With Turbux, you're effectively running your tests in a regular terminal. Compared to Guard with Spork, this is slow, as every test run needs to load your app environment.

Luckily, Spork works fine divorced from Guard. And, indeed, married to Turbux. Just start Spork (I like to put it in a small pane in the bottom-right) and then make sure your tests connect to it. I do this in my ~/.vimrc:

~/.vimrc
let g:turbux_command_rspec = 'rspec --drb'

That's it. As long as you have a Spork running, your Turbux test runs will use it.

It's kind of nice to have Spork separate from your test runner. If you introduce an endless loop and a test hangs, just kill the test and run it again when the issue has been fixed. The app will remain loaded in Spork. If you make changes that require Spork to restart, just restart it. If you make many such changes and Spork gets in the way, just kill Spork and keep running the tests without it. With Guard::Spork, your test running and your test server are tied together.

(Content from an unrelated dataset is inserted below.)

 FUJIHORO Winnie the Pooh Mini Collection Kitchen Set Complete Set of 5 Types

Guard::Spork does offer the convenience of reloading Spork automatically when necessary, like when you modify environment.rb. It's not something I've been missing, though. It's easy enough to restart Spork yourself when you need to.

Using Guard

But if you do want that convenience, you can even use Vimux with Guard.

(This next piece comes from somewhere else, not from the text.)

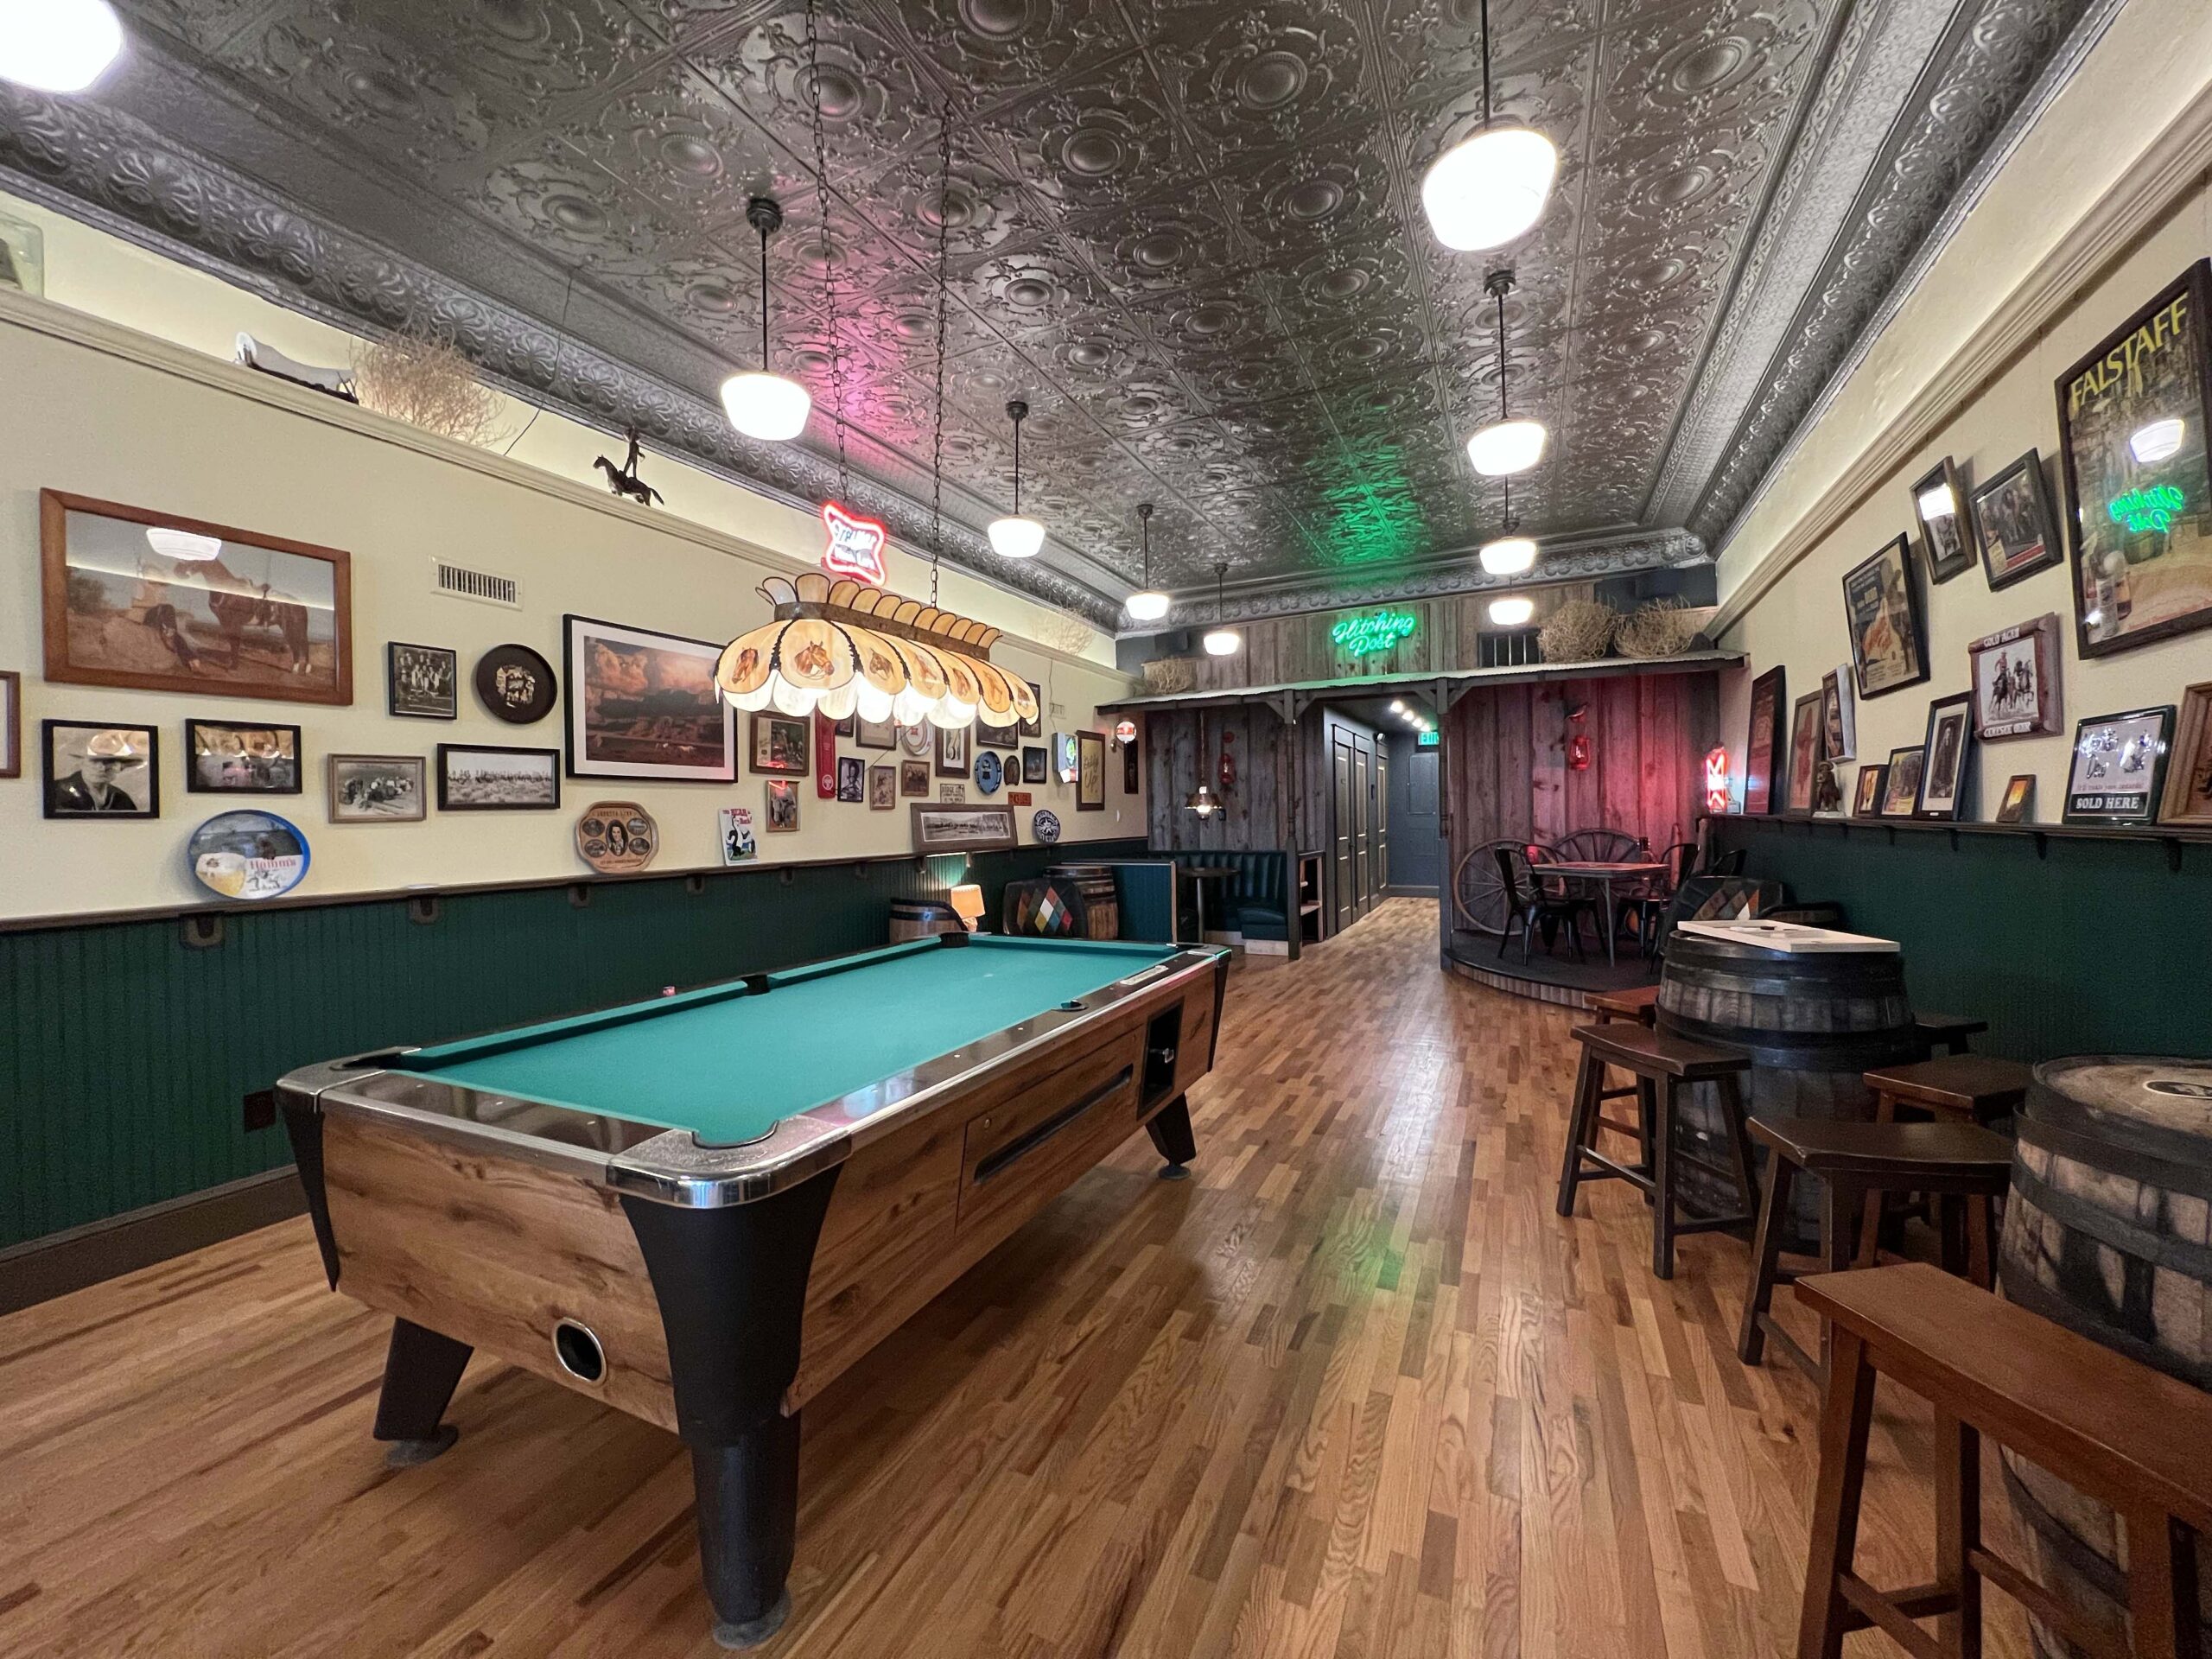 Pool table inside The Hitching Post, Humboldt

This is not what I do myself – I just use Spork as described above – but it's an interesting option that I've looked into. It gets you the Guard::Spork autoreloading as well as any special file mapping you've set up in your Guardfile, while you still get to decide when to trigger a run.

After starting Guard, hit p⏎ to pause the automatic "file modification listening".

Rather than trigger when it detects modified files, Guard will now only trigger if you tell it a file has been modified. Add a mapping like:

~/.vimrc
map ,x :call VimuxRunCommand("change ".expand("%"))<CR>

Then when you hit ,x, you will send the command change current/file.rb to Guard, filling in the current filename. Guard will see the file as modified and do its magic.